Data automated classification is one of the aims of machine learning. We can consider three types of classification algorithms:

**Supervised classification:**We have a dataset (i.e., handwritten digit images) that we will call*training data*where each datum is associated with a*label*(that tell us which digit, 0, 1,..,9, corresponds to that image). In the training stage, we build a model with this dataset (training dataset) using the labels, that helps us to assess the correct or incorrect classification of an image while building the model. Once we have the model, we can use it to classify new data. At this stage we do not need the labels, unless we want to assess the accuracy of the classification.**Unsupervised classification:**The dataset comes without labels (or we will not use them) and the data is classified using their inner structure (properties, characteristics).**Semi-supervised classification:**we can apply it when some data comes with labels, but not all of them. This is typical when our data consist of images: we have access to many images but they are mostly untagged. These algorithms can be considered a variant of the supervised classification with a strategy to overcome the lack of labels for part of the data.

In this lab we will see some application examples of the unsupervised classification algorithm *k-means* for image classification and processing.

*K-means* is an unsupervised classification algorithm, also called clusterization, that groups objects into *k* groups based on their characteristics. The grouping is done minimizing the sum of the distances between each object and the group or cluster centroid. The distance usually used is the quadratic or euclidean distance.

The algorithm has three steps:

**Initialization:**once the number of groups,*k*has been chosen,*k*centroids are established in the data space, for instance, choosing them randomly.**Assignment of objects to the centroids:**each object of the data is assigned to its nearest centroid.**Centroids update:**The position of the centroid of each group is updated taking as the new centroid the average position of the objects belonging to said group.

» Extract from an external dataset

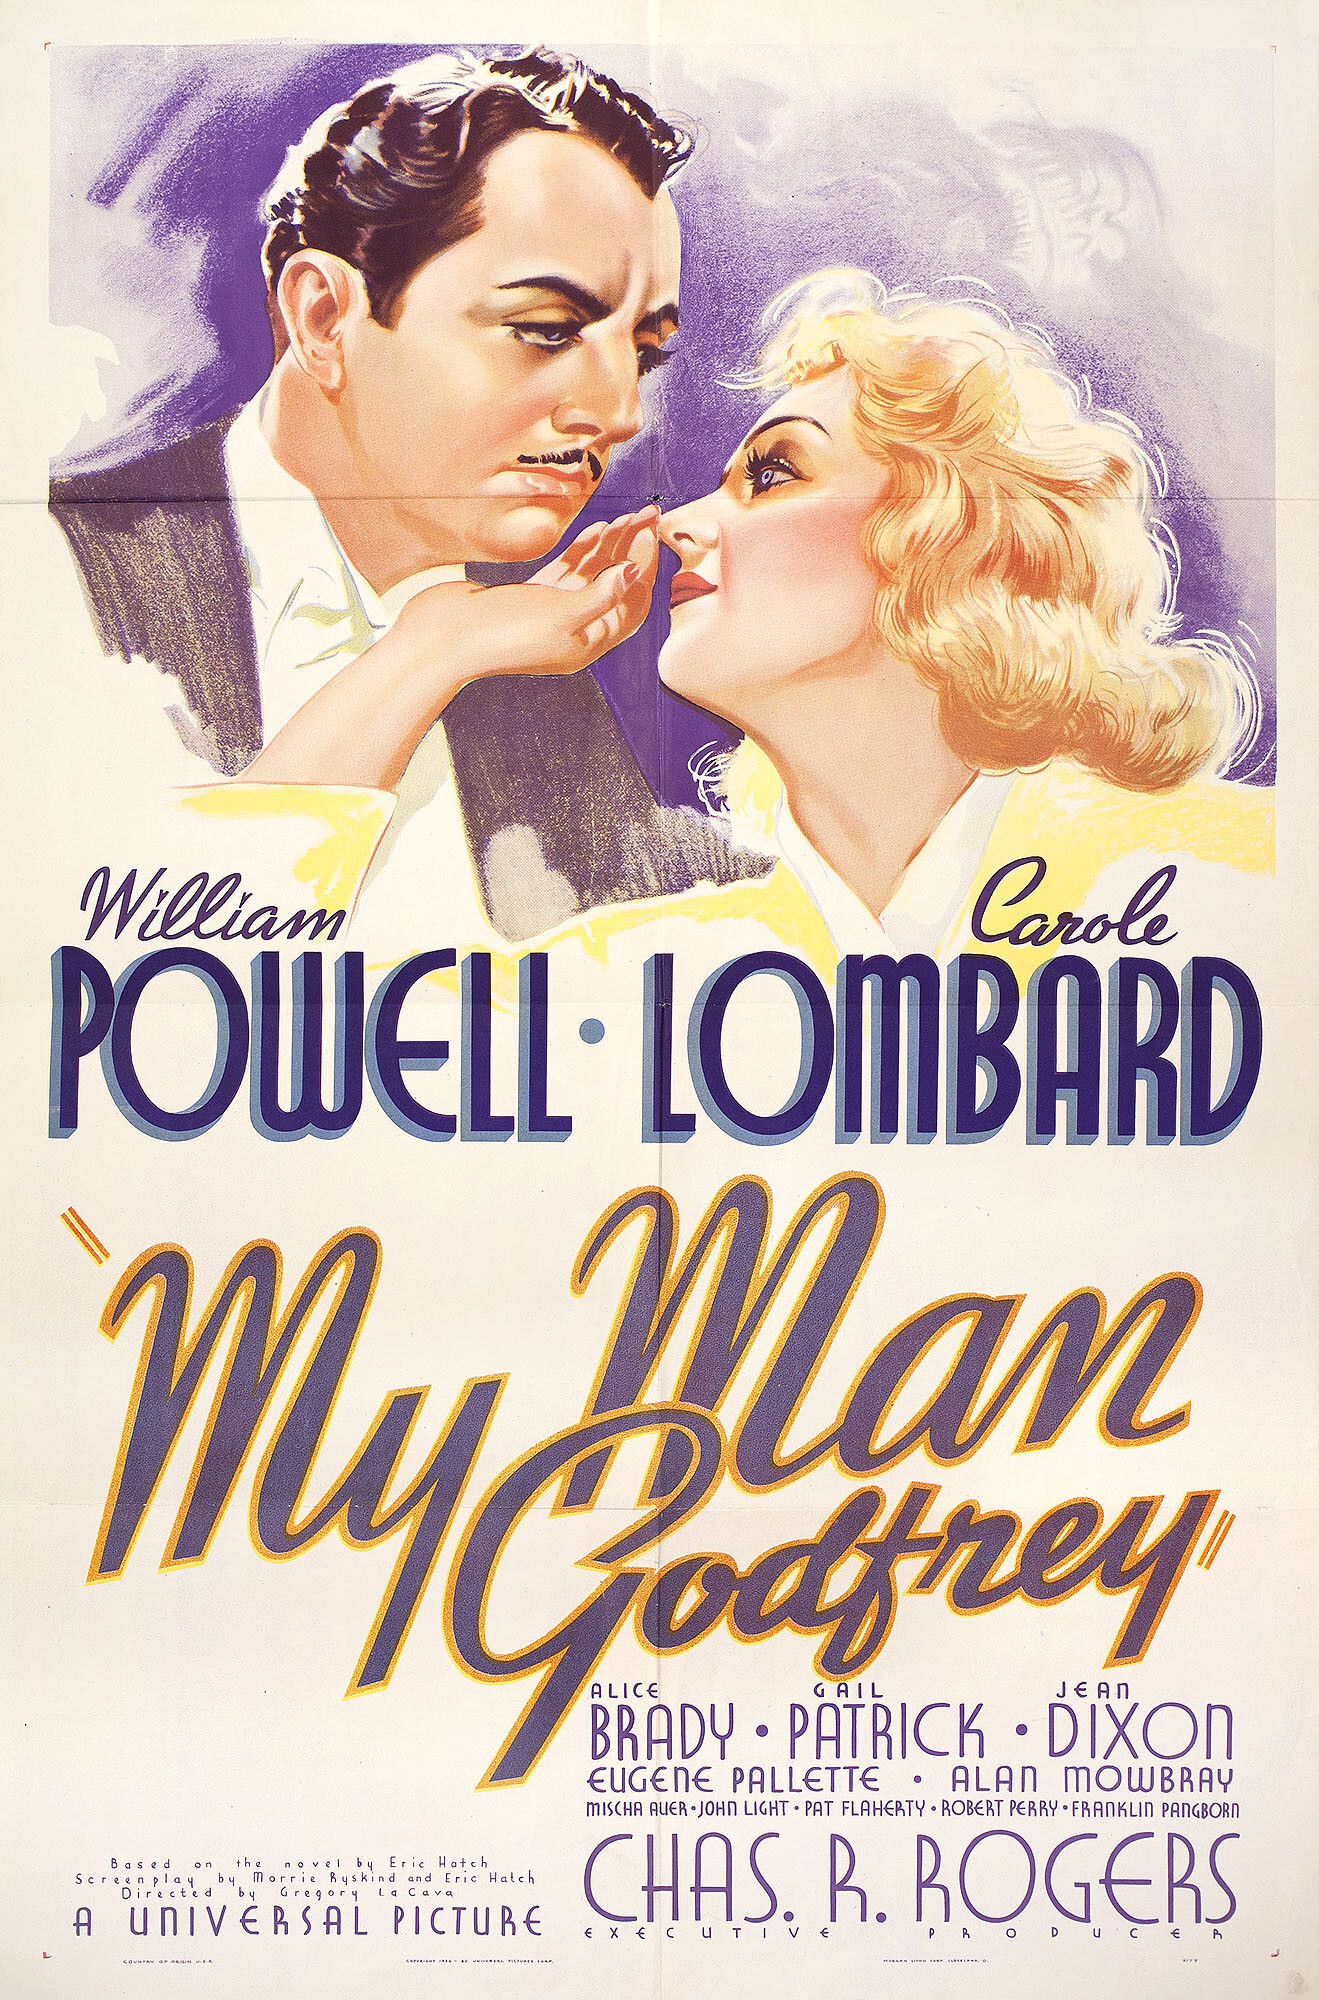 Мой слуга Годфри (My Man Godfrey, 1936), режиссёр Грегори Ла Кава, постер к фильму в стиле ар-деко (США, 1936 год)

Repeat steps 2 and 3 until the centroids do not move, or move below a threshold distance in each step.

The *k-means* algorithm solves an **optimization problem** and the function to be optimized (minimized) is the sum of the quadratic distances from each object to its cluster centroid.

The objects are represented with $d$ dimension vectors $\left(\mathbf{x}_{1},\mathbf{x}_{2},\ldots,\mathbf{x}_{n}\right)$
and the algorithm *k-means* builds $k$ groups where the sum of the distances of the objects to its centroid is minimized within each group $\mathbf{S}=\left\{ S_{1},S_{2},\ldots,S_{k}\right\}$. The problem can be formulated:

$$
\underset{\mathbf{S}}{\mathrm{min}}\; E\left(\boldsymbol{\mu_{i}}\right)=\underset{\mathbf{S}}{\mathrm{min}}\sum_{i=1}^{k}\sum_{\mathbf{x}_{j}\in S_i}\left\Vert \mathbf{x}_{j}-\boldsymbol{\mu}_{i}\right\Vert ^{2}
\quad (1)$$

where $\mathbf{S}$ is the dataset whose elements are the objects $\mathbf{x}_{j}$ represented by vectors, where each of its elements represents a characteristic or attribute. We will have $k$ groups or clusters with their corresponding centroid $\boldsymbol{\mu_{i}}$.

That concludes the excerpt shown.